Сон, который приснился мне в поезде, сбылся. В крепнущем утреннем свете гора приняла ту самую форму, которую я видела в своем кошмаре, и от чувства фаталистического принятия меня потянуло в сон.

– Нет, вставай. Все будет хорошо – мы уже почти пришли.

Я с трудом поднялась на ноги и снова побрела за ним вниз по склону. Наконец мы спустились ниже облаков и увидели впереди дорогу. Но от нее нас отделял последний отрезок склона: теперь это была не сухая пыльная тропа в зарослях травы и вереска, а водопад несущейся вниз пены, который было никак не обойти.

– Мы здесь не спустимся – мы просто на ногах не устоим.

– Ты права, – Мот снял рюкзак и со странной усмешкой обернулся ко мне, потом прижал рюкзак к груди и сел на землю. – Но мы можем здесь съехать.

Он исчез, подняв тучу брызг; за считаные секунды он преодолел сорок метров воды и встал на ноги у подножия горы.
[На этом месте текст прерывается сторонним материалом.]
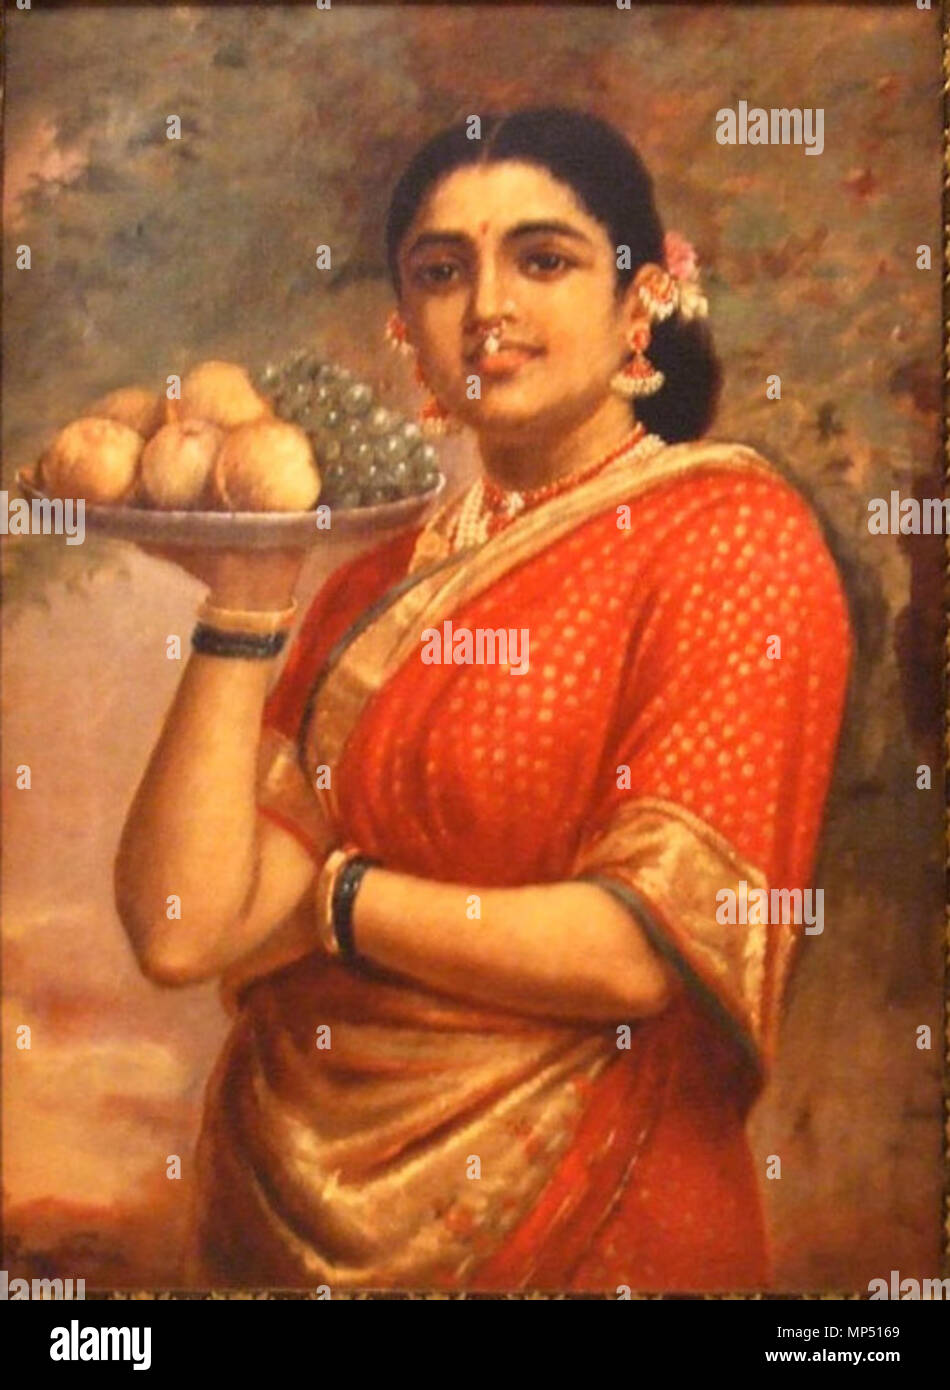 . English: This website is exclusively for Ravi Varma’s Oleographs, which is a result of more than 15 years of collection made throughout India. Ravi Varma has painted hundreds of paintings which have spread throughout India (in Palaces and Museums) and other countries like England ,USA, etc.,. Only a portion of Ravi Varma’s paintings got printed as Oleographs. These Oleographs are from 80 to 115 years old, which are hosted as a website. This website is the single largest collection of Ravi Varma's oleographs in India, it says more about Ravi Varma, his style and India’ s cultural heritage . W Stock Photo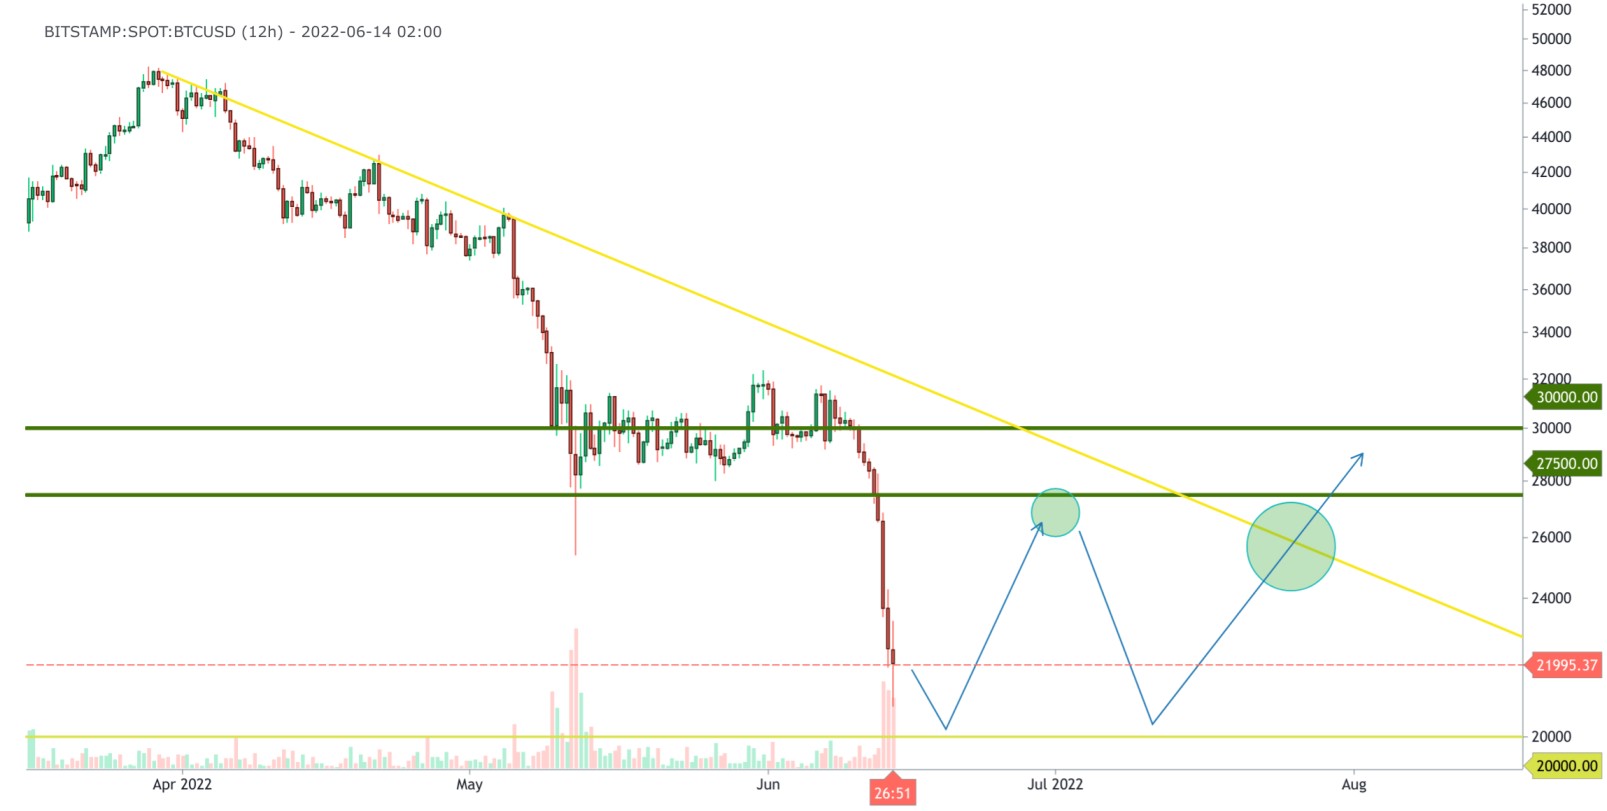 BTC/USD 12-hours chart showing the potential recovery of Bitcoin crash

Я знала, что мне нужно следовать за ним, хотя бросаться с холма и противоречило всем моим инстинктам. Я вся дрожала и чувствовала, как меня начинает охватывать нехорошая сонливость. Я соскользнула вниз по ледяной воде, мы пробрели последние метры и вышли на дорогу. Мы притопывали по асфальту, пытаясь разогнать кровь, с нас потоками лилась вода, и тут рядом остановился туристический микроавтобус.

– Подвезти?

Кафе в Аллапуле только-только открылось. Еще не веря, что выжили, мы прохлюпали внутрь, сели на пластиковые скамейки и стали ждать завтрака. Теплая тишина кафе казалась нам совершенно нереальной; мы таращили друг на друга глаза через столик, не в силах сформулировать словами все, что с нами случилось. Вода ручейками бежала с наших рюкзаков, растекаясь по полу. Между нами поднималось облачко пара. Появилась официантка с тарелками.

– Откуда же это вас таких принесло? Пойду за шваброй.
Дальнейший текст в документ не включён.